Siguiendo el consejo de los maestros, decidí aplicar mis ojos para recrear en mí, con el poder de apropiación que tiene siempre la mirada, una réplica a mi medida de la inabarcable realidad última: uno para mirar hacia atrás e ir reconociendo las huellas y epifanías que el Gran Misterio ha ido dejando en el mundo; y otro para mirar hacia delante oteando el horizonte donde nos cita siempre la promesa.
En la construcción de esta empresa, que ha sido la sustancia de mi vida, no he encontrado mejor paradigma que Jesús de Nazaret.
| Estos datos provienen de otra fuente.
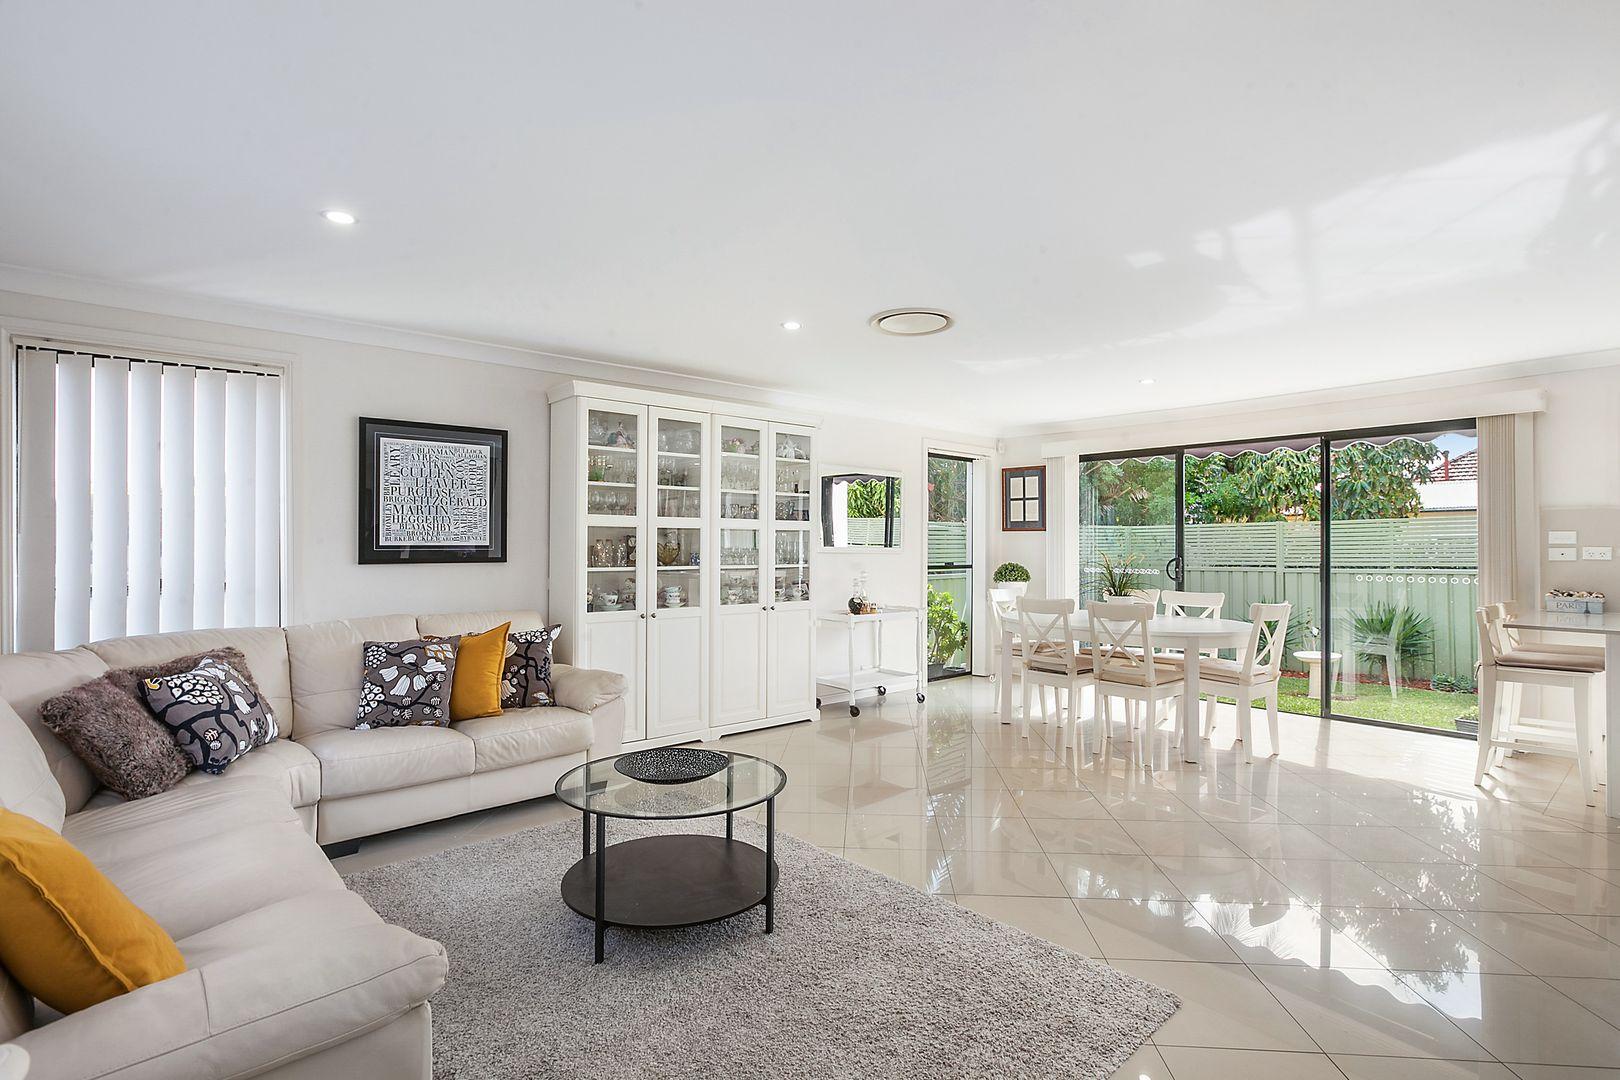 3/14 Oaks  Avenue, Long Jetty NSW 2261, Image 0

Rodeado siempre de “malas compañías”, es justamente testigo de esa doble mirada: una hacia el Abba que manifiesta su presencia en las cambiantes signos de los tiempos y otra sobre el cosmos para extasiarse ante la belleza y humildad de la flor, el candor de los niños, la compasión de los enfermos, y el dolor de los pobres. Modestamente, estas son algunas de las cosas que encuentro en mi casa, cuando regreso a mí mismo.